Michael Gray is a Benson, Arizona, doctor who believes chemical sensitivity is real. In 1994, Gray and Debbie met at an environmental conference. After Debbie sent Gray the boys' health records, the doctor concluded that Jason and Michael are extremely sensitive to certain pesticides and solvents. Later, he examined and interviewed the children and came up with the same conclusions.
The McQueen boys, however, have never undergone the sophisticated diagnostic tests that would determine more conclusively whether they actually have sensitivities to certain chemicals. Gray says he recommended the tests, which would cost about $5,000 per child.
Debbie says she can't afford to pay for the tests.
Despite the lack of critical tests, Gray remains confident of his diagnosis. Although the boys were healthy at the time he examined them at the hospital in Benson in March 1995, Jason later developed an eye irritation.

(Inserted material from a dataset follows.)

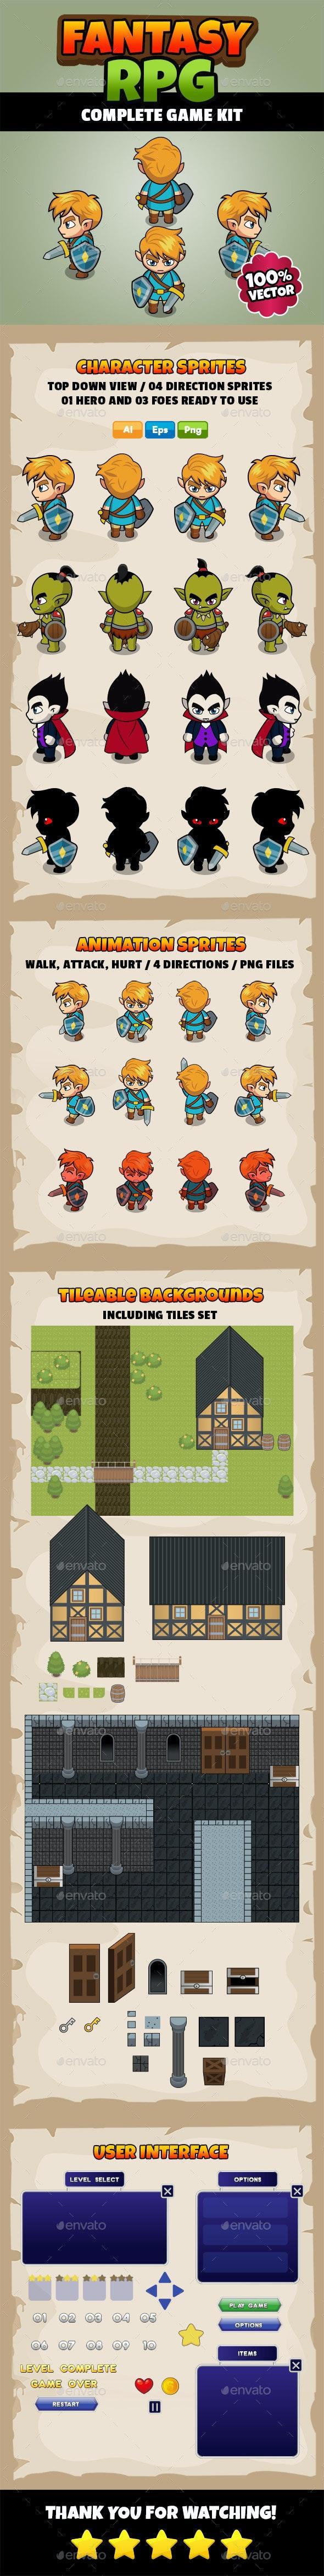 Fantasy RPG - Complete Game Kit - Game Kits Game Assets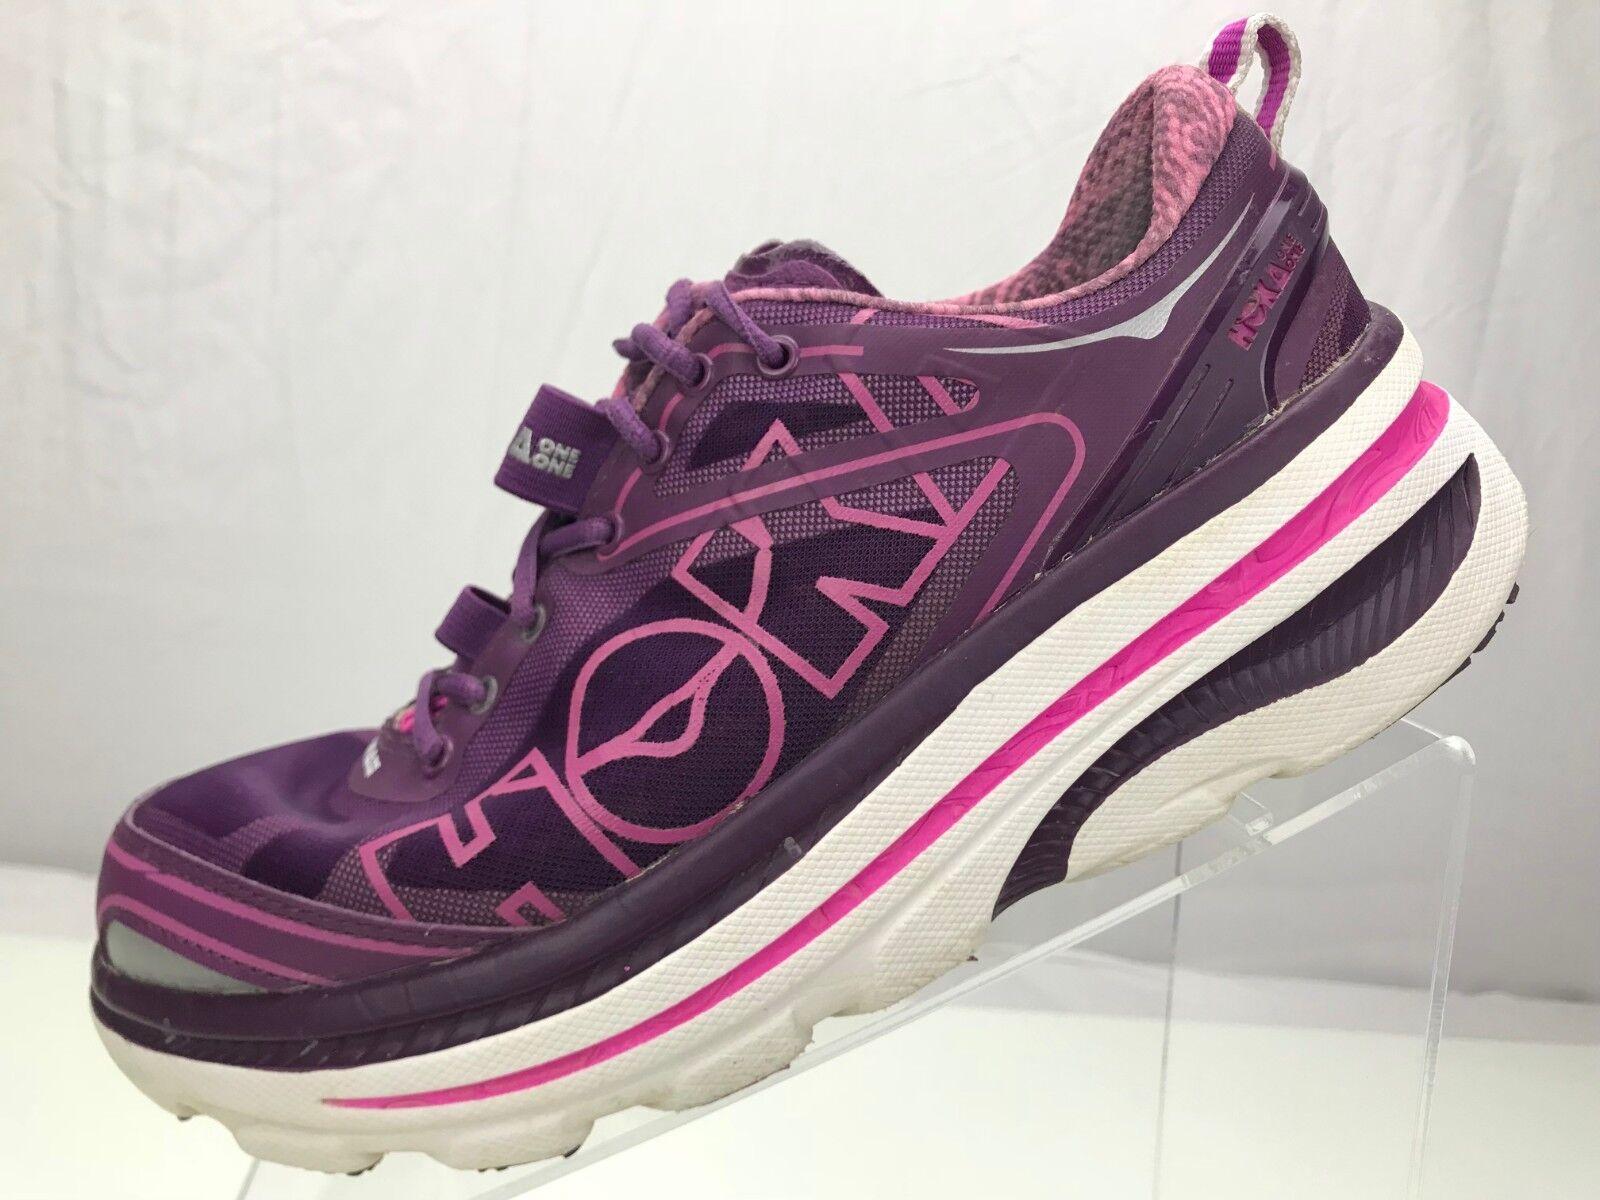 Hoka One One Bondi 3 - Running Training Athletic Turnschuhe Turnschuhe Turnschuhe damen's 8 lila Rosa 4cfd68

The irritation could have arisen because the hospital had been recently sprayed with pesticides, Gray says.
It's "highly unlikely" that the boys' health problems simply are run-of-the-mill childhood illnesses, the doctor says.
The boys' family doctor, Robert Fauer, seems to agree with Gray. "Although I am no expert in chemical hypersensitivity syndromes, it appears that many of the symptoms these children have presented with have been environmentally induced . . ." he wrote in a "To Whom It May Concern" note that Debbie requested.
For eight years, Debbie has told doctors, lawyers, government officials, school personnel, journalists and environmental activists the story of how she and the boys developed their chemical sensitivity.
She claims the illnesses began after the McQueens moved to a west Valley house bordering farmland that was regularly crop-dusted. In the summer of 1987, a helicopter "bulk-released" an unknown pesticide right behind Debbie's house, exposing Debbie and her sons to a "noxious cloud" of pesticide that Debbie now says smelled like chlorine. (At the time, she said it smelled like horse urine.)
A 1987 state investigation was unable to prove any such "bulk releasing."
In fact, state investigators could not determine whether the helicopter was even in the area on the day Debbie says she and her children were poisoned.
As a result of the pesticide exposure, Debbie claims, the family developed chronic illnesses.
The McQueens moved out of the neighborhood, but things haven't been the same since.
Both Debbie and her husband, Doug, say the spraying not only took a toll on the children's health, but on their relationship. They've been married 16 years, live in the same house, love being with the kids. But both acknowledge being emotionally distant from each other. "For the last eight years, we've led totally separate lives," says Debbie. Sometimes, she calls Doug her "so-called husband."
"War is hell," says Doug of Debbie's battles with officials over the boys' health problems. And this is war.
Doug, a 37-year-old salesman for an electrical supply company, says his role in the war is to earn money (he won't say how much) so Debbie can continue with her important environmental work.
He's rarely around when reporters interview Debbie, and doesn't like to be photographed with the family for newspaper articles. Might hurt business, he says.
Debbie is a wonderful woman, Doug says, and he's very sorry he can't devote more time to helping with her activism. But to tell the truth, he can't always keep up with it, or understand clearly what it is she's doing. Just like she doesn't always understand what he does at work.